--- RECORDED DATA Enclosed Below ---

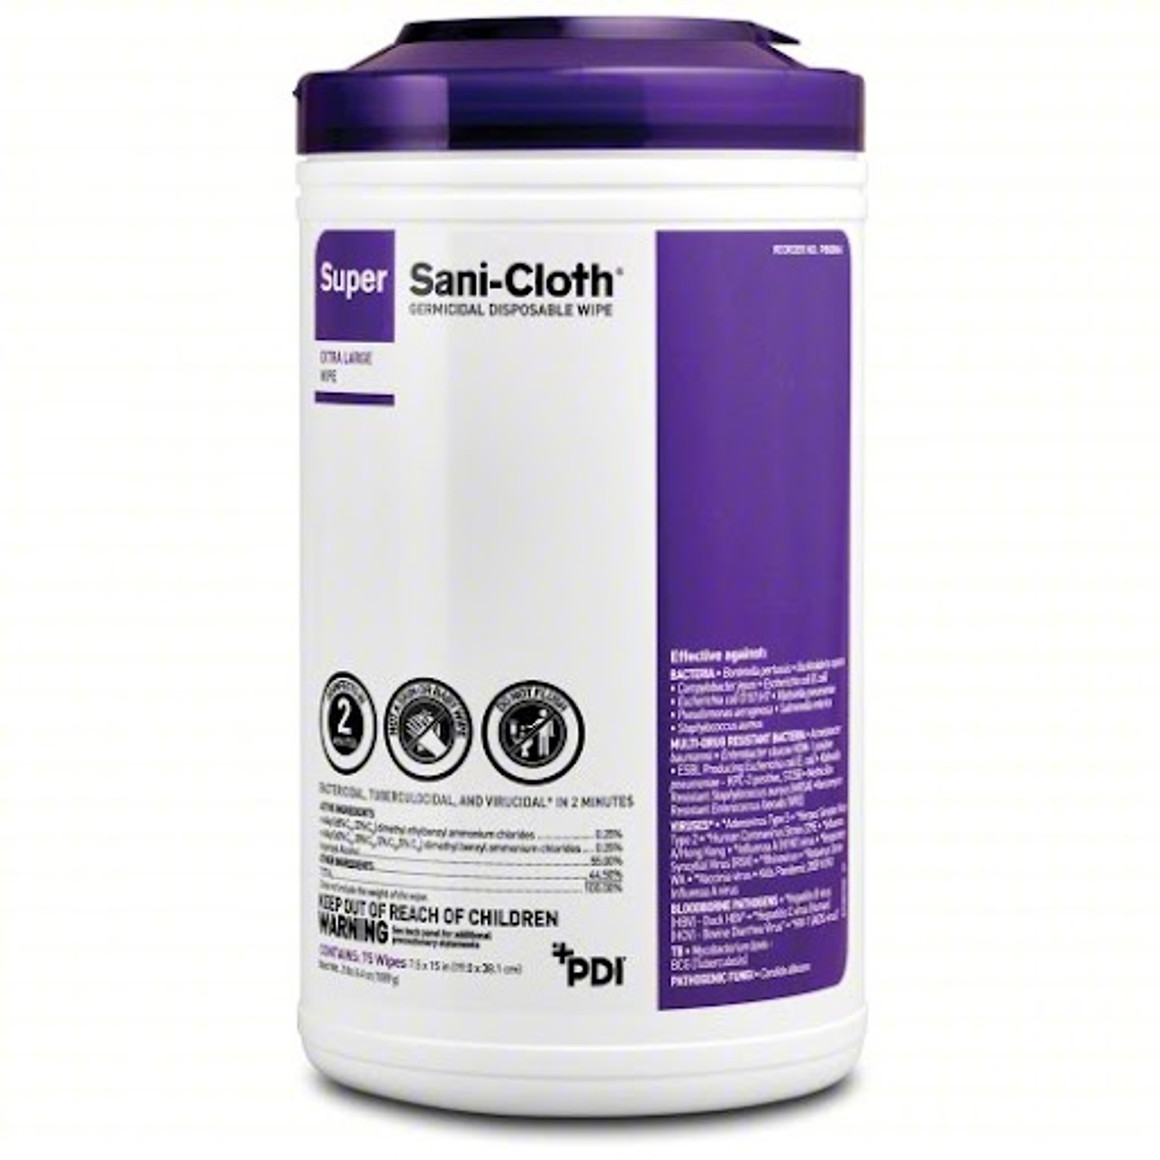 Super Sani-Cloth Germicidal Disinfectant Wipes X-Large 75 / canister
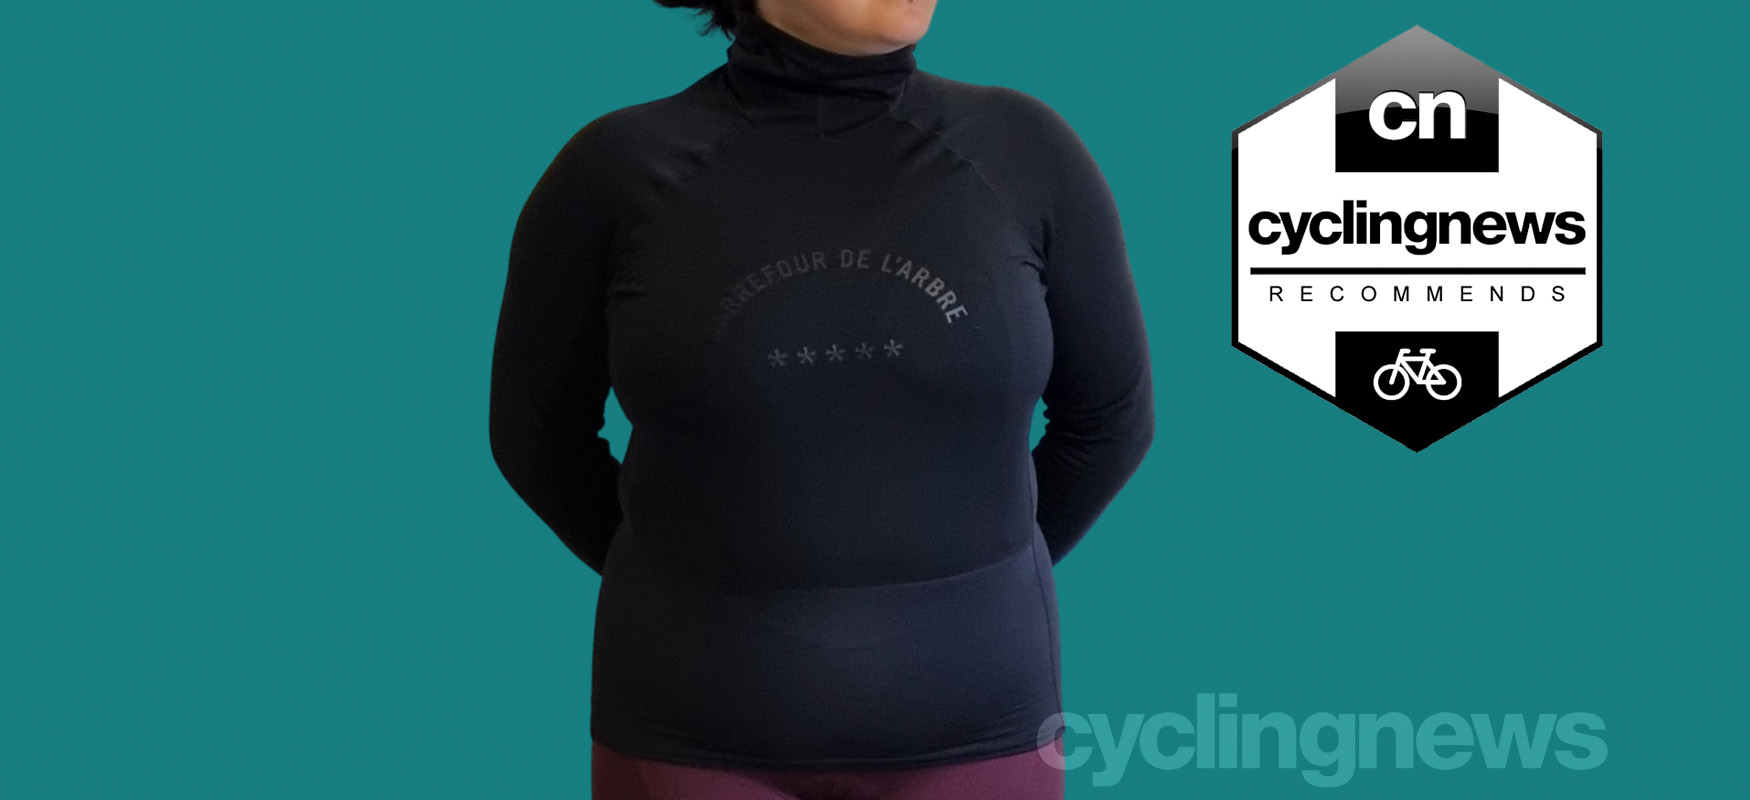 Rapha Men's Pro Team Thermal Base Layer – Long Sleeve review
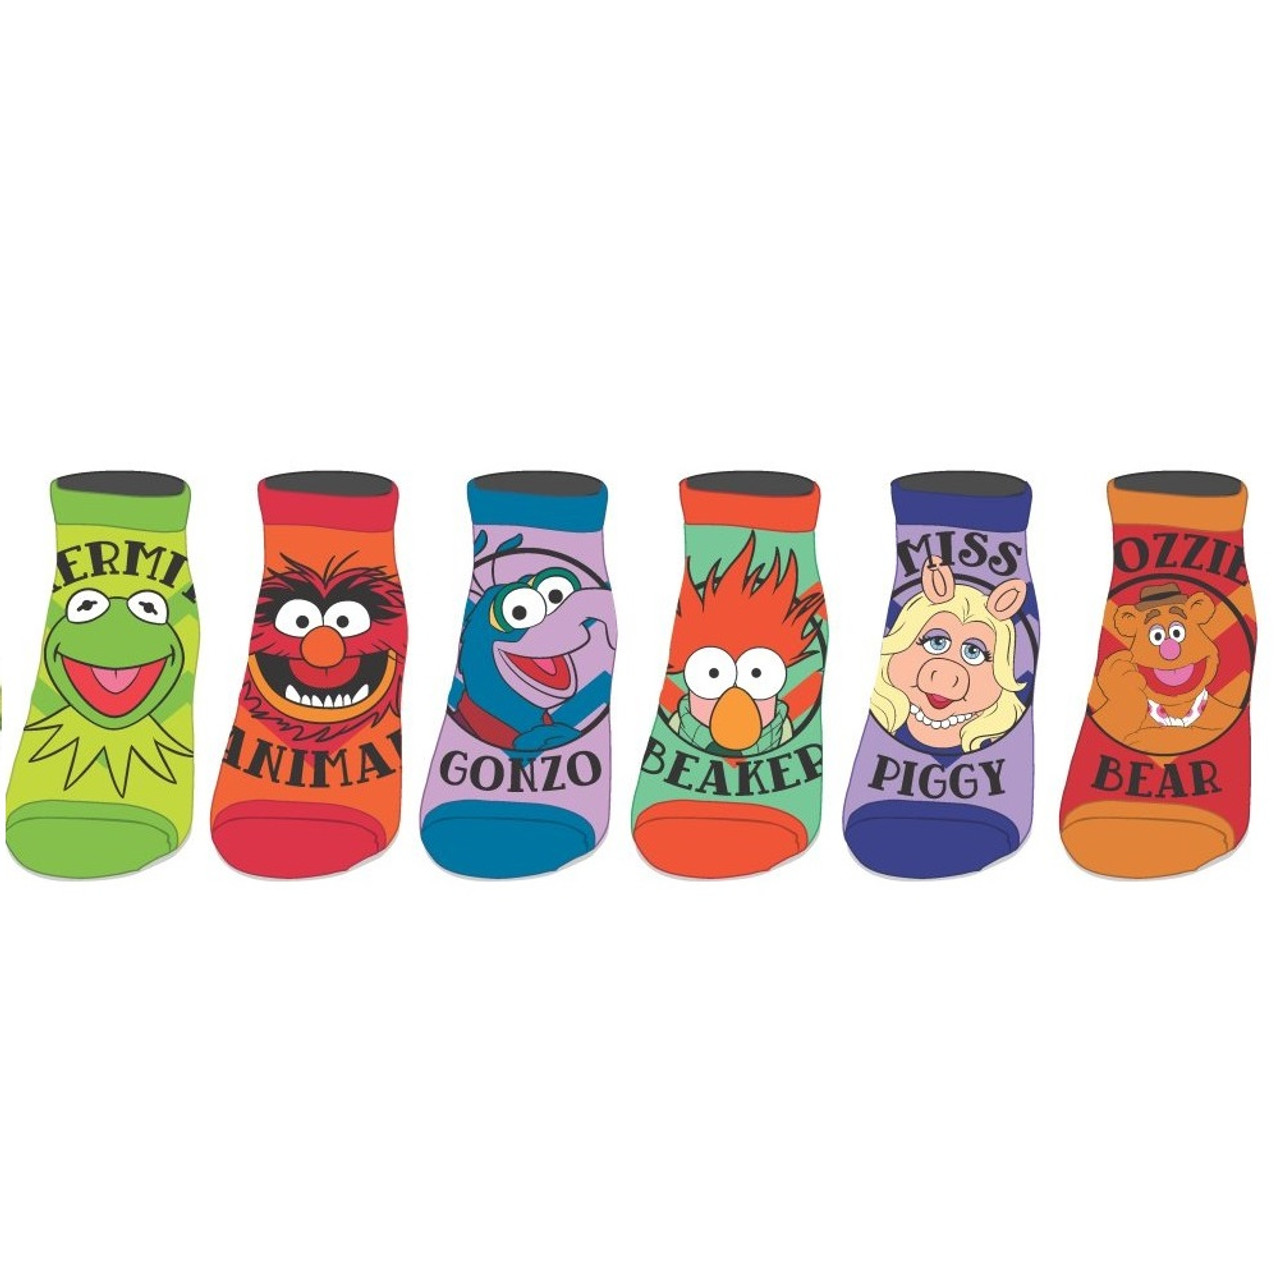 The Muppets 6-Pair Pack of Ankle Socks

--- End of Enclosed RECORDED DATA ---

| WORK REQUEST |
Leave the pictures out and return the rest of the material exactly.

| WRITTEN REPLY |
 Super Sani-Cloth Germicidal Disinfectant Wipes X-Large 75 / canister
 Rapha Men's Pro Team Thermal Base Layer – Long Sleeve review
 The Muppets 6-Pair Pack of Ankle Socks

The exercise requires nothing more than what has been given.